If you’d like to experience Paris off the beaten track, escape from the heat, the cold or the rain, and still stay within the city center, try and visit the arcades. Known as “passages” or “galeries” in French, they hold a lot of history and charm, including specialty shops, cafes, bookstores, art galleries and little or no tourists. Apartments are also housed within them. In the mid 19th century, there were more than 150 arcades in Paris but they began to decline with the advent of department stores or destroyed to make way for Haussmann’s boulevards. Today, less than 20 remain.

I’ve actually never heard of these arcades before, I just learned about them by chance: 1) Searching for accommodation where one stated it was within a “passage” and 2) Looking for the Louboutin cobbler, Minuit Moins 7, located inside Passage Véro-Dodat. Since then, I did a bit more online research and visited a few.

Passage Véro-Dodat
In 1826, two butchers, Monsieurs Véro and Dodat, constructed this arcade between Rue Bouloi Rue Jean-Jacques Rousseau.
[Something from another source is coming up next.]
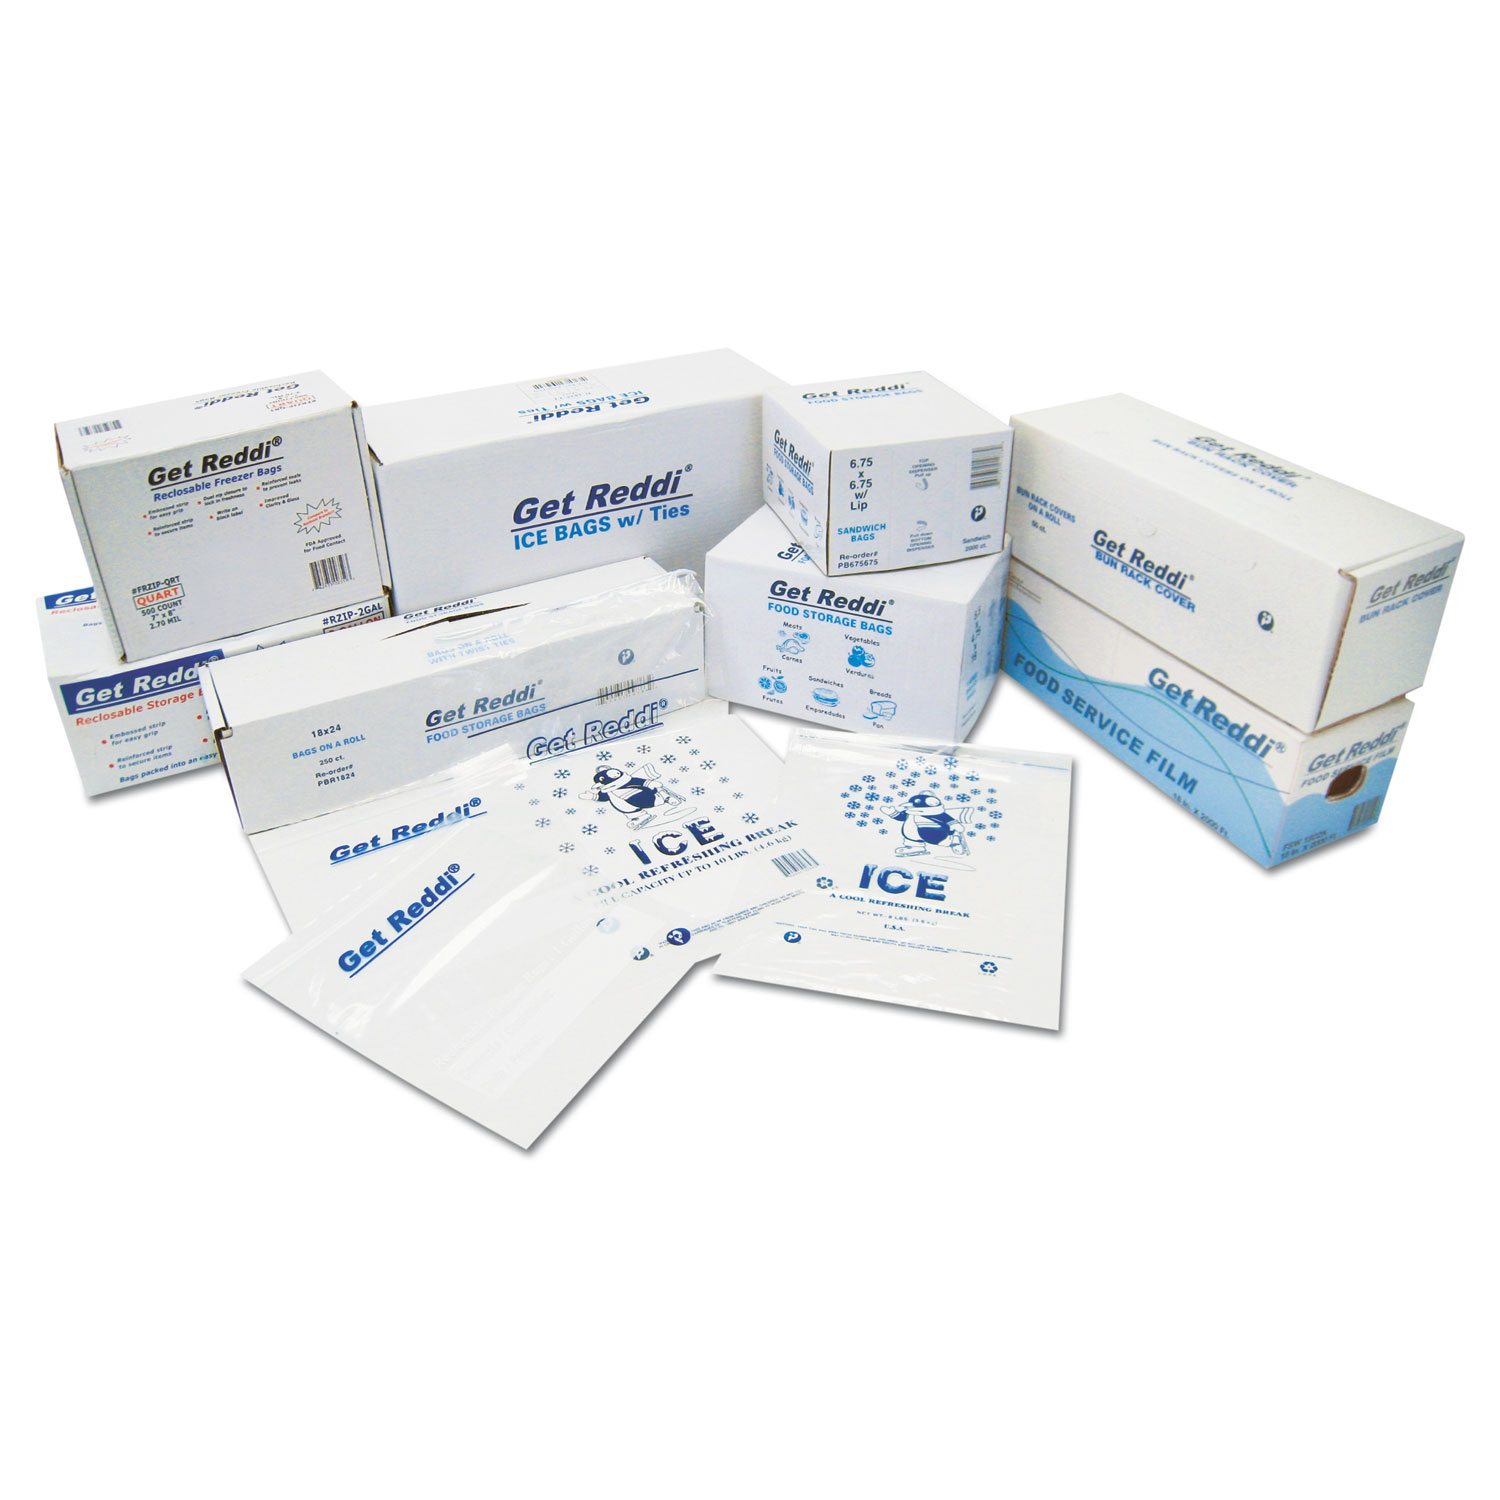 6 White Paper Bags, 500/Case - mastersupplyonline

Passage Véro-Dodat has a neoclassical style with marble columns, frescoes, a black and white tiled floor, and among the first to have lighting fixtures. While its architecture gives it the illusion of depth, it is actually quite short. If you love shoes, don’t miss this place as its home to two Christian Louboutin boutiques and the cobbler Minuit Moins 7 (where you get those red soles rubberized and fixed).

Passage Vivienne
The most aristocratic looking and brightest of the arcades I visited is Passage Vivienne. It reminds me of Galleria Vittorio Emanuele II in Milan with its beautiful glass and painted ceiling, paneled shop fronts, and (faux) marble columns — just 1,000 times smaller in size. This arcade is actually quite easy to miss due to the small and discrete entrances on Rue Vivienne and Rue de la Banque. Passage Vivienne is today home to several art galleries, bookshops, cafes, and designer Jean-Paul Gaultier’s boutique.

Passage Choiseul
Built in 1825, Passage Choiseul runs between Rue des Petits Champs and Rue Saint-Augustin. It is the narrowest, longest and darkest of all the arcades I visited. It also need a bit of upkeep; hence, my least favorite. But if you’re hungry, it has several individually owned fast food places, in addition to shoe shops and quirky boutiques.